COLUMNS

Two Community Centers in Osaka

In 2022, Pride Center Osaka , the second permanent LGBTQ community center in Japan and the first in western Japan, launched. This makes Osaka the first city to have two community centers.

Pride Center Osaka is an LGBTQ center with the mission of "Remedy for all," creating a place where everyone can be themselves and seek help when they need it, and expanding this to the entire city. People of any gender identity, gender expression, or sexual orientation can feel safe here, and LGBTQ people and their families and friends can ask for advice and help when they need it. Particular emphasis is now being placed on "helping to restore the physical, mental, and social health of LGBTQ people who have been hurt by the pandemic. 

Nijiiro Diversity, an organization that has been involved in LGBTQ rights advocacy and awareness-raising for corporations, has secured corporate sponsorship to open the center, and the Queer Women's Resource Center (QWRC), an organization that has been involved in LGBTQ support for many years, will operate the center. The project has been promoted mainly by queer women.

The center is located in a building in Tenmabashi, overlooking the Okawa River with its beautiful rows of cherry blossom trees, and a projector is used to project messages to the outside.

The center is equipped with books and picture books, and all-gender toilets where you can change into your own clothes and children can play.

There is another community center in Osaka called "dista" (meaning "drop-in station"). This is the oldest center in Japan dedicated to HIV prevention and awareness,  and has been located in the gay town of Doyama since the late 1990s.

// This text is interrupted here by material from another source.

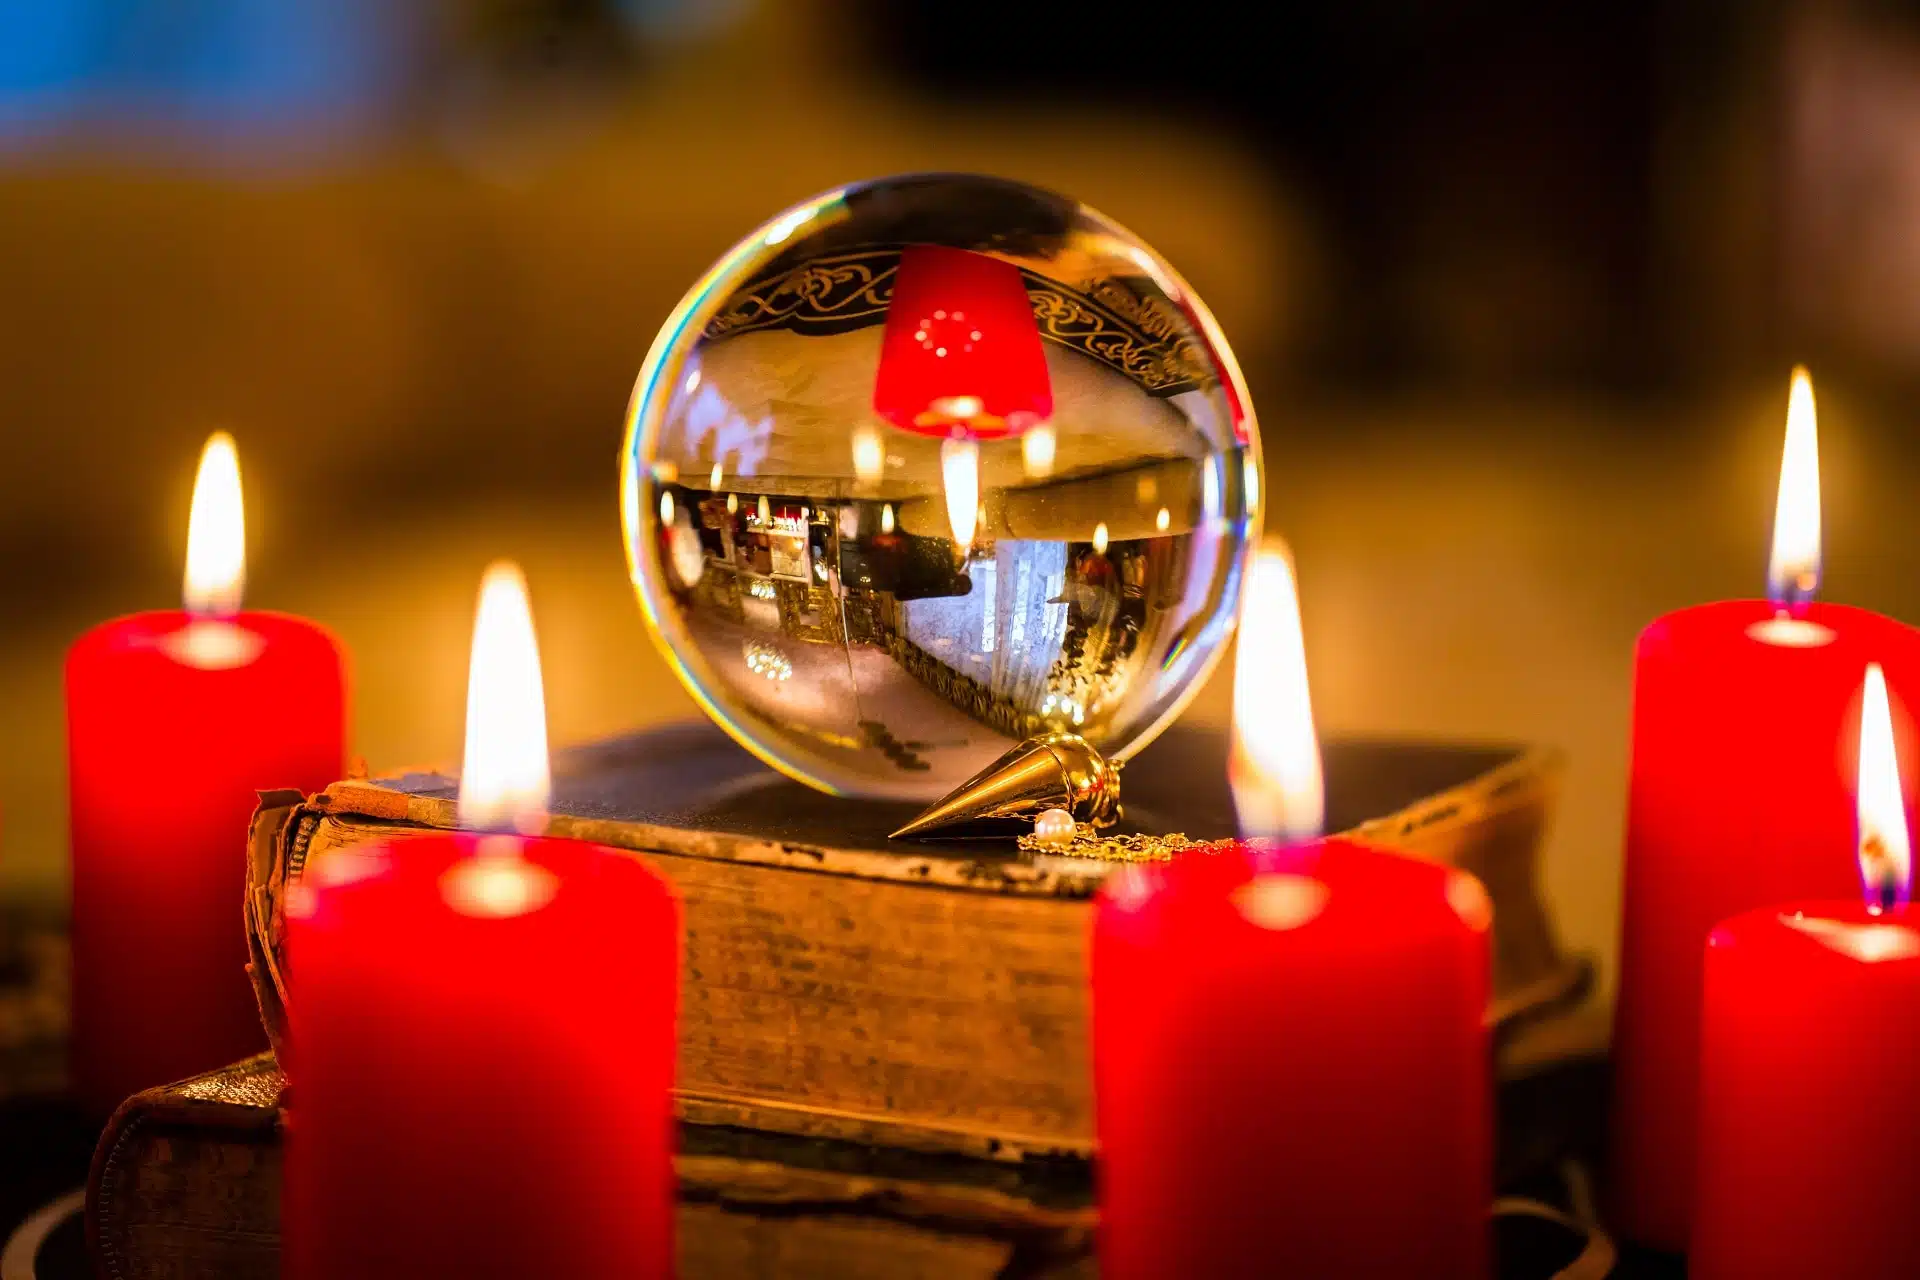 Crystal ball in the candle light to prophesy

It has been well known to the gay community in Osaka by distributing condoms, free papers and leaflets to gay bars in Osaka, and by holding talk events, art exhibitions, and social gatherings in the center.

MASH Osaka was the first organization in Japan to combine HIV testing with club parties in the 2000s, and has also held large-scale outdoor festivals in Ogimachi Park to raise awareness of HIV prevention and support for HIV-positive people. The excitement of the finale, which featured a large number of drag queens, is still talked about today.

In recent years, they have focused on the U=U campaign, creating posters modeled after gay people in Osaka and holding club parties.

Just as there are two community centers in Tokyo, an LGBTQ center called Pride House Tokyo Legacy and an HIV prevention and awareness center called akta, there are now two centers in Osaka. This is a testament to the power of the LGBTQ community in the city of Osaka.